***** GIVEN RECORDS
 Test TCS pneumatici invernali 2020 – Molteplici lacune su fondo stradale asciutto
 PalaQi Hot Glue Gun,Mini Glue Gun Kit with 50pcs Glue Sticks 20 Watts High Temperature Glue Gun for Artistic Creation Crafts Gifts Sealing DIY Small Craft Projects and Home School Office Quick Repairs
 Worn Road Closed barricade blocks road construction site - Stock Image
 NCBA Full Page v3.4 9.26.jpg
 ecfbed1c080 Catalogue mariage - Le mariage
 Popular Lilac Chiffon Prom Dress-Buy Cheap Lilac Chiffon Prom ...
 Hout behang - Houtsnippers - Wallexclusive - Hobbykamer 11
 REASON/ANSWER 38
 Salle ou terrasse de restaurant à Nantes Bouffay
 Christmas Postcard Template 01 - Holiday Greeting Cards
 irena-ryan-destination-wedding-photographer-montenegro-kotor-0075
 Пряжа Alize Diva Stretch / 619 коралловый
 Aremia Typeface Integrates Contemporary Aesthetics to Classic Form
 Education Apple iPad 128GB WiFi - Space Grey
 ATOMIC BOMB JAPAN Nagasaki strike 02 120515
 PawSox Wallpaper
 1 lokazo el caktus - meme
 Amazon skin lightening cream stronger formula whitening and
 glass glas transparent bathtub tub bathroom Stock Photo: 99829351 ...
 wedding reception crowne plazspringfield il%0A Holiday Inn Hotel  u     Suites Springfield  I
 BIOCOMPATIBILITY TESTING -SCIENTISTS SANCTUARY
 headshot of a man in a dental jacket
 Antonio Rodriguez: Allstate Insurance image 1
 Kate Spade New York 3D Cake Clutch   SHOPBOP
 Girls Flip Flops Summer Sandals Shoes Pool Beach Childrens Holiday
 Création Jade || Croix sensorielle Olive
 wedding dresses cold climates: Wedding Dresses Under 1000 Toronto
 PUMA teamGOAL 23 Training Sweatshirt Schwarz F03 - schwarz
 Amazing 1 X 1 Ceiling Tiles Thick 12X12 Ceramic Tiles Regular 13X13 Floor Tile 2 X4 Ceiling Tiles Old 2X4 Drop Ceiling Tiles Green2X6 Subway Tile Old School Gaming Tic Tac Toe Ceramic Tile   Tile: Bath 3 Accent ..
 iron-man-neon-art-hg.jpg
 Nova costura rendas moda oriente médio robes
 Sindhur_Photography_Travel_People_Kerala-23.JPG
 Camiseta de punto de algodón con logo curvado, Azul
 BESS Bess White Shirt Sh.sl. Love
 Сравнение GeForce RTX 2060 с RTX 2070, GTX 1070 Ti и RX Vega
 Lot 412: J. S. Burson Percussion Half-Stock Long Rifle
**********
■ WHAT YOU ARE ASKED TO DO
The entries above hold the needed span. Transcribe exactly the lines from the one with "Salle ou terrasse" to the one with "PUMA teamGOAL 23", both included.

■ YOUR RESPONSE
 Salle ou terrasse de restaurant à Nantes Bouffay
 Christmas Postcard Template 01 - Holiday Greeting Cards
 irena-ryan-destination-wedding-photographer-montenegro-kotor-0075
 Пряжа Alize Diva Stretch / 619 коралловый
 Aremia Typeface Integrates Contemporary Aesthetics to Classic Form
 Education Apple iPad 128GB WiFi - Space Grey
 ATOMIC BOMB JAPAN Nagasaki strike 02 120515
 PawSox Wallpaper
 1 lokazo el caktus - meme
 Amazon skin lightening cream stronger formula whitening and
 glass glas transparent bathtub tub bathroom Stock Photo: 99829351 ...
 wedding reception crowne plazspringfield il%0A Holiday Inn Hotel  u     Suites Springfield  I
 BIOCOMPATIBILITY TESTING -SCIENTISTS SANCTUARY
 headshot of a man in a dental jacket
 Antonio Rodriguez: Allstate Insurance image 1
 Kate Spade New York 3D Cake Clutch   SHOPBOP
 Girls Flip Flops Summer Sandals Shoes Pool Beach Childrens Holiday
 Création Jade || Croix sensorielle Olive
 wedding dresses cold climates: Wedding Dresses Under 1000 Toronto
 PUMA teamGOAL 23 Training Sweatshirt Schwarz F03 - schwarz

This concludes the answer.